SA-CCR may need more fundamental fixes

Quants propose tweaks to improve Basel counterparty credit risk framework

Quants propose tweaks to improve Basel counterparty credit risk framework

The standardised approach to counterparty credit risk regulation, dubbed SA-CCR, was finalised by the Basel Committee on Banking Supervision in 2014. So far, only a handful of jurisdictions have adopted it – this excludes the UK, US and Europe.

The main reason behind the delay seems to be that the regulation is riddled with inconsistencies, which would then feed through into many other Basel regulatory frameworks that use SA-CCR exposures as an input.

In Revisiting SA-CCR, published today on Risk.net, Mourad Berrahoui, head of counterparty credit risk modelling at Lloyds Banking Group, Othmane Islah, head of quantitative research at Quantuply and a senior consultant for capital and margin valuation adjustments at Lloyds Banking Group, and Chris Kenyon, head of derivatives valuation adjustment quant modelling at MUFG Securities EMEA in London, highlight some of these issues and propose ways to improve the framework.

SA-CCR is essentially a standardised way of calculating the exposure at default (EAD) of a counterparty to a trade, which is given by a scaled sum of the replacement cost of the derivative and the potential future exposure (PFE) add-on, which covers adverse moves in the future.

The SA-CCR is meant to replace the current exposure method and the standardised method, both of which were criticised for failing to treat margined and non-margined trades differently.

More sophisticated banks could also use their own modelled approach to compute the EAD, but the importance of SA-CCR stems from the fact that it could be an input to other regulations such as the leverage ratio and the net stable funding ratio.

Given the widespread impact of the SA-CCR, the board of governors of the Federal Reserve System, the Federal Deposit Insurance Corporation and the Office of the Comptroller of the Currency  invited public comments on the framework in December 2018.

The quants’ paper, a version of which was submitted as part of the public consultation, flags three issues that highlight the ineffectiveness of SA-CCR in capturing risk appropriately.

We are deriving from the current standard itself to say how well the SA-CCR or our revisit performs relative to the ideal. So this gives us a standard to measure ourselves against
Chris Kenyon, MUFG Securities

The first one is that, for linear trades such as swaps, economically equivalent positions can have different PFE add-ons.

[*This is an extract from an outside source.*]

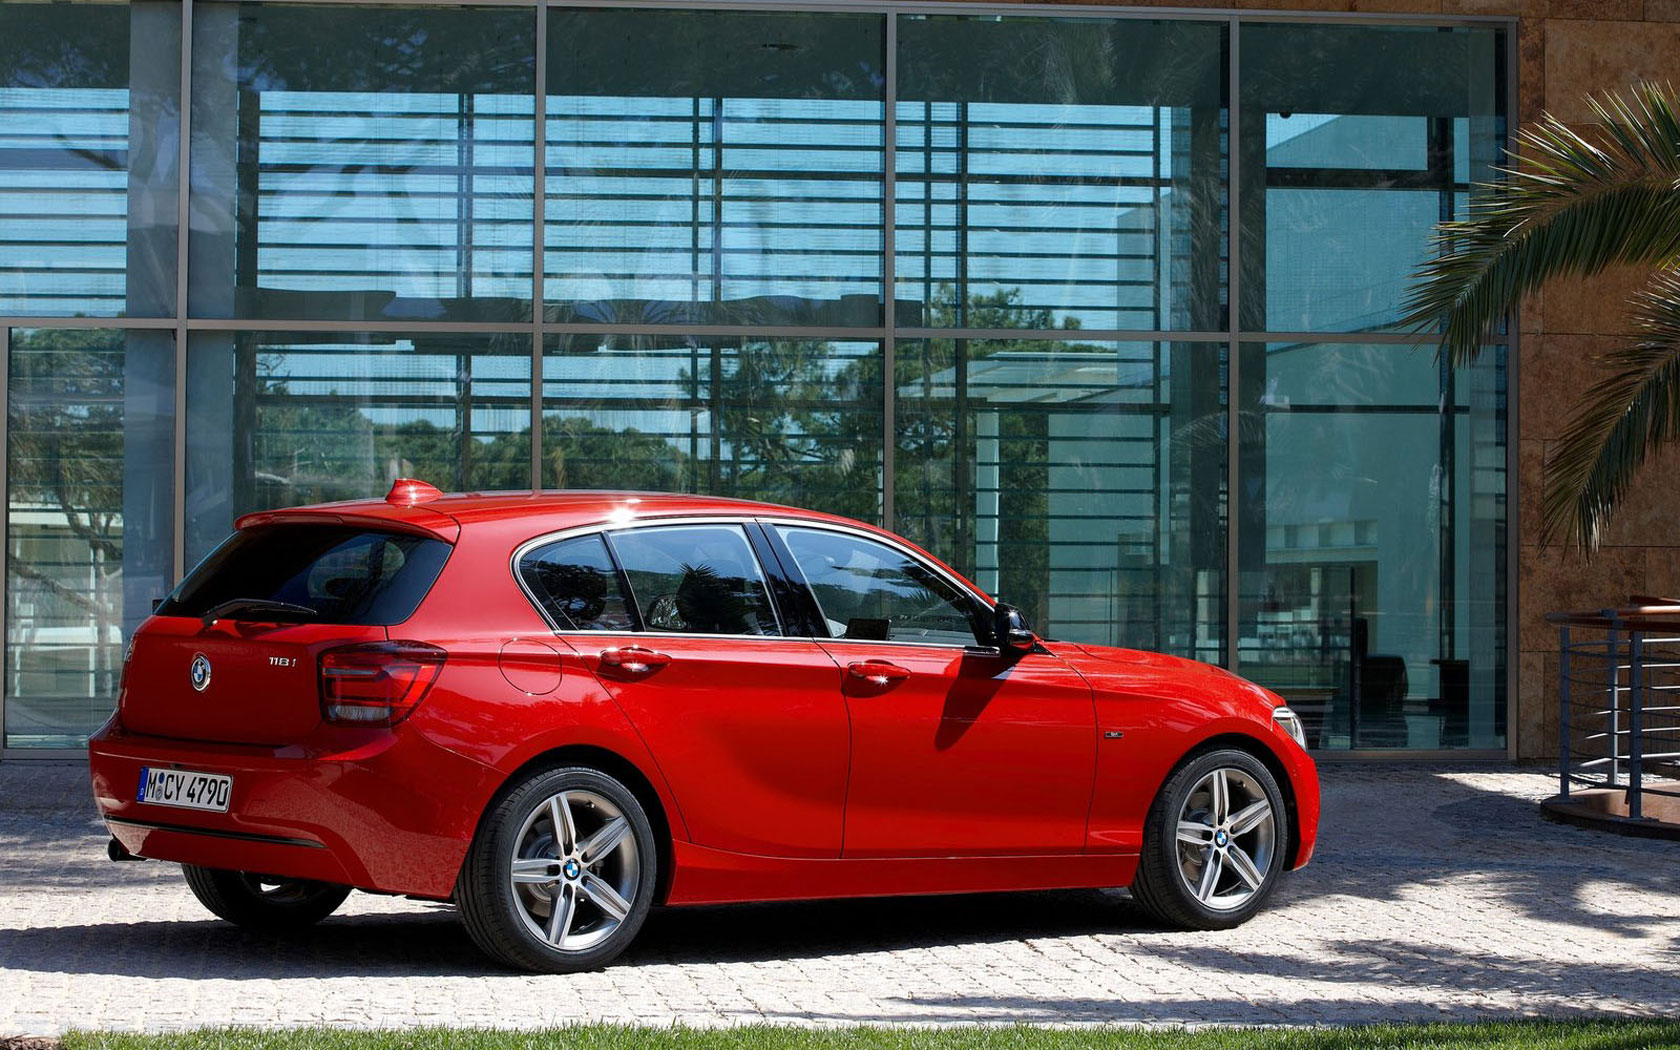  BMW 1-series (2011-2015)

“For example, if you have a 10-year swap, or a five-year swap and a forward-starting five-year swap, you don’t get the same capital for the two alternatives,” says MUFG’s Kenyon.

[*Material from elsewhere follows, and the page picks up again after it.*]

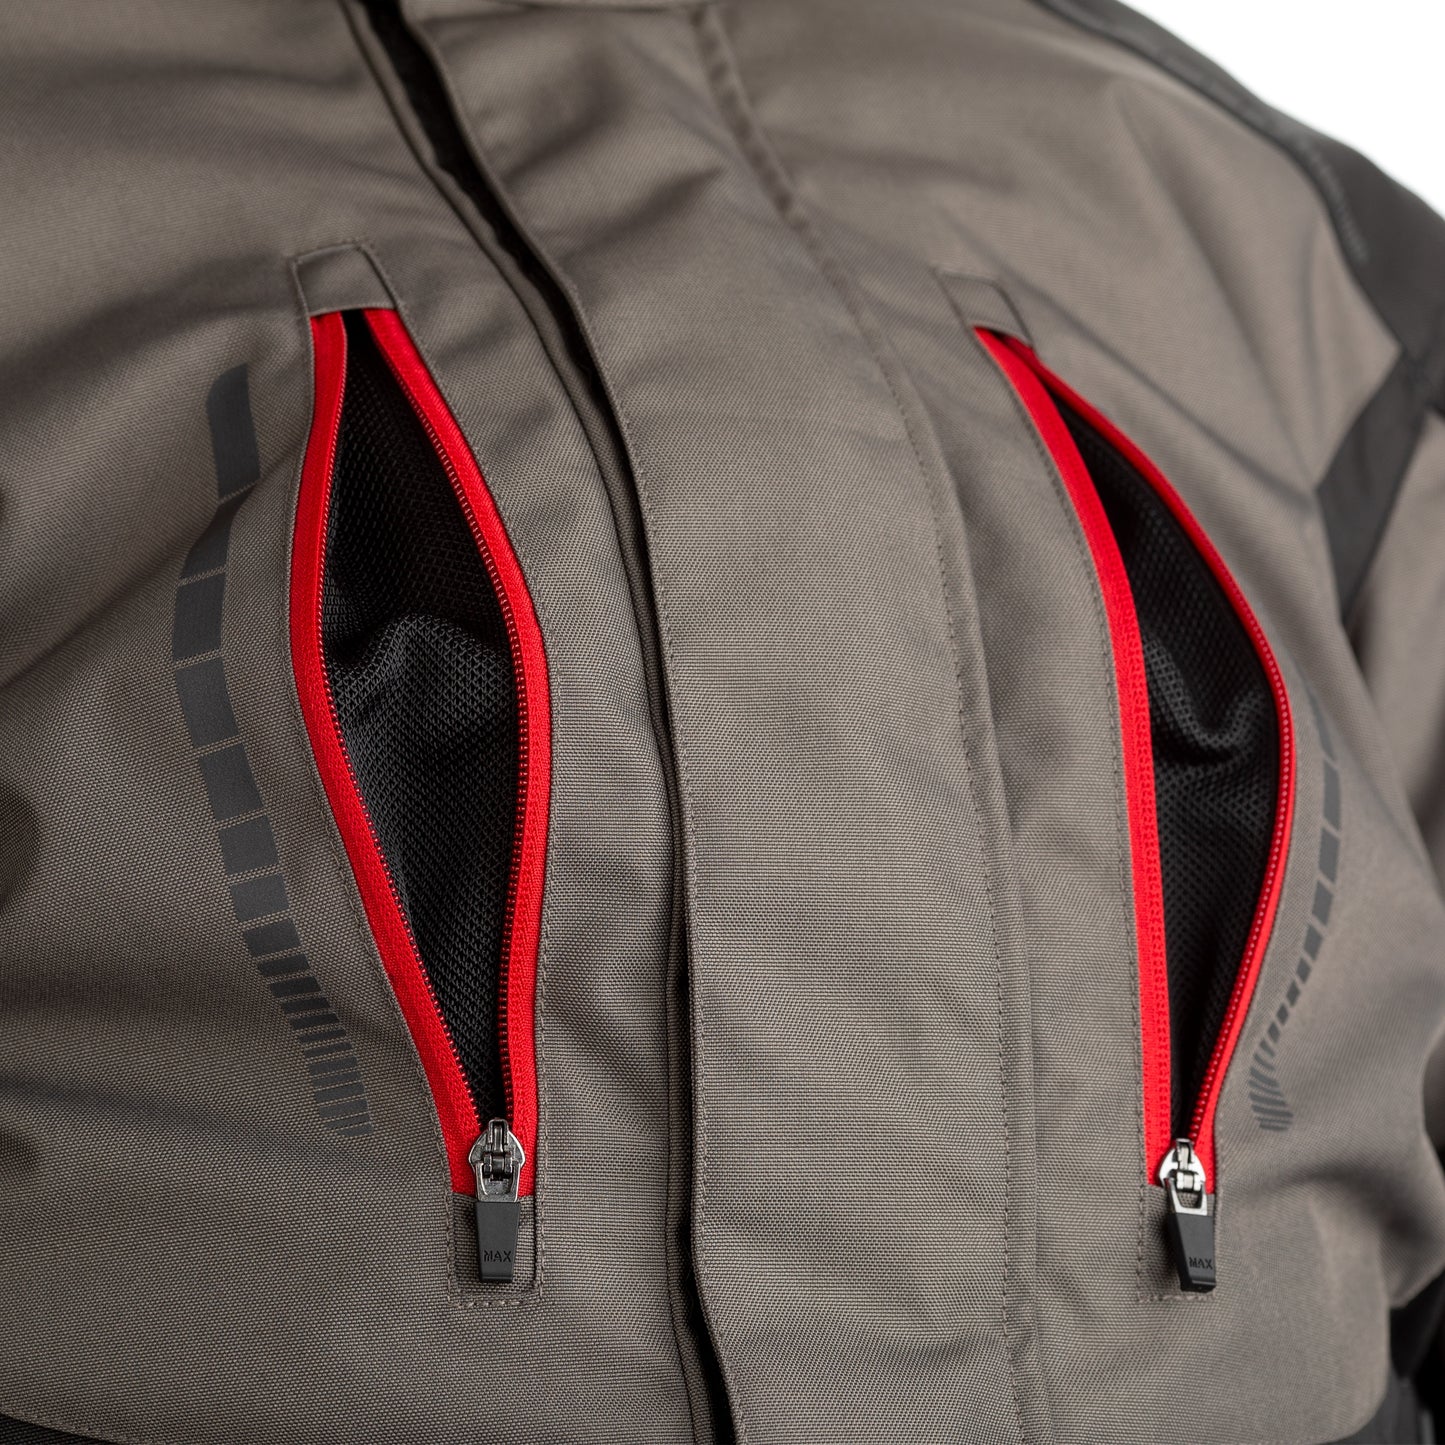 RST Atlas CE Men's Waterproof Textile Jacket - Grey / Black / Red (2366)

Risk sensitivity is another issue with the framework, as the same inconsistency applies to positions that are economically zero – in other words, positions that net to zero risk because the cashflows are equal and opposite. Such positions can get “material” add-ons, says Kenyon.

The framework is also not sensitive to moneyness of the derivative, or the price of the underlying relative to the strike price. In reality, however, the moneyness level can change the risk profile of trades, for example, if the general level of rates change.

To fix these issues the quants propose a cashflow decomposition method to break down various linear trades into their cashflows and then apply the SA-CCR add-ons based on those cashflows instead. The quants apply the commonly used Itô’s Lemma model to identify the sources of volatility of the cashflows, which then gives the effective notional of the trade, which signifies the risk of a cashflow. This is in turn used as an input into the SA-CCR formula that then computes the PFE add-on. 

Doing it this way ensures consistent treatment across equivalent positions, ie, those with similar cashflows. The decomposition method already exists under the current SA-CCR framework for non-linear trades. The quants expand this to apply it to linear trades as well, where most of the inconsistencies exist.

The quants say the resulting model is to be used as a way to compare and study the issues with the SA-CCR, which can in turn help improve it.

“We are deriving from the current standard itself to say how well the SA-CCR or our revisit performs relative to the ideal. So this gives us a standard to measure ourselves against,” says Kenyon. “Since we are trying get rid of some problems in the standard we know where to look.”

Numerical studies carried out by the quants show that if one looks at swaps with varying moneyness, for instance,  the range of SA-CCR accuracy is –19% to +37%, whereas their revision is within a few per cent across the different degrees of moneyness. The quants compare both against an exposure simulation identified from the SA-CCR framework itself to measure the accuracy.

The most publicised issue with the SA-CCR so far is its inability to provide a reasonable amount of offset for margined trades. In an industry study carried out in 2017 it was found that in some instances, banks’ counterparties would have to post 10 times more margin versus the internal modelling method to get an almost full offset.

However, the issues highlighted in the paper are even more fundamental and show the regulation needs a much closer look when being translated into legislation in various jurisdictions. Whether US regulators, who have asked for public feedback on the rules, will be open to a material tweak is unclear. But the evidence suggests they may have to at least consider it.